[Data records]
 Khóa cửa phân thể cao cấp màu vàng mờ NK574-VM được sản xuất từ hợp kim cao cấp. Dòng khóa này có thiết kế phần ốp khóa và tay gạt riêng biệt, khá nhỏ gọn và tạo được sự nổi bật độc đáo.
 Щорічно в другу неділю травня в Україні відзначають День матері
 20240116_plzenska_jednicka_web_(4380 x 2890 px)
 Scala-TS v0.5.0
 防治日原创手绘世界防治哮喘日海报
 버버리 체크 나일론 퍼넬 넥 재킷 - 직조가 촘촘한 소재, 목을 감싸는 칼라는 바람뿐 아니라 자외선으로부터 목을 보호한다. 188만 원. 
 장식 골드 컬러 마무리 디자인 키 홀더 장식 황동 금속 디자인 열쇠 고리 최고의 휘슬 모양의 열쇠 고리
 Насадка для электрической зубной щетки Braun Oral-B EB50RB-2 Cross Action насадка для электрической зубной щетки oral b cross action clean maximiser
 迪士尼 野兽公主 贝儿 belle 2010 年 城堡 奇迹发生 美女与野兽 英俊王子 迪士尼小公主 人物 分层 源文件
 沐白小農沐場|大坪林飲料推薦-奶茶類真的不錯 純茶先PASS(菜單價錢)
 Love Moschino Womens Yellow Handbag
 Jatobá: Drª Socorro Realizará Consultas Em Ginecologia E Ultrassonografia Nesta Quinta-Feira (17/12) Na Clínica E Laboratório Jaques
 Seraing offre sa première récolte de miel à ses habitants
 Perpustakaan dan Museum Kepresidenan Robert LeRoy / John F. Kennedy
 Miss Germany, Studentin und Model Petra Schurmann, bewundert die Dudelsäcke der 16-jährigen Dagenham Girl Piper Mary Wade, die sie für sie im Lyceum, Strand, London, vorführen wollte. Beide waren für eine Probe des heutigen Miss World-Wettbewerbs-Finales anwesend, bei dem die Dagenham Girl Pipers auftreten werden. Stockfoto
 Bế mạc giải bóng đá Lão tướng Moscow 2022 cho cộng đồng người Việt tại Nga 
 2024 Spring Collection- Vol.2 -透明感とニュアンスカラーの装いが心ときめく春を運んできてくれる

[The problem]
Word for word, restate the lines above from the line containing "Насадка для электрической зубной щетки Braun" through the line containing "Love Moschino Womens Yellow Handbag", with both included and nothing else.

[Solution to the problem]
 Насадка для электрической зубной щетки Braun Oral-B EB50RB-2 Cross Action насадка для электрической зубной щетки oral b cross action clean maximiser
 迪士尼 野兽公主 贝儿 belle 2010 年 城堡 奇迹发生 美女与野兽 英俊王子 迪士尼小公主 人物 分层 源文件
 沐白小農沐場|大坪林飲料推薦-奶茶類真的不錯 純茶先PASS(菜單價錢)
 Love Moschino Womens Yellow Handbag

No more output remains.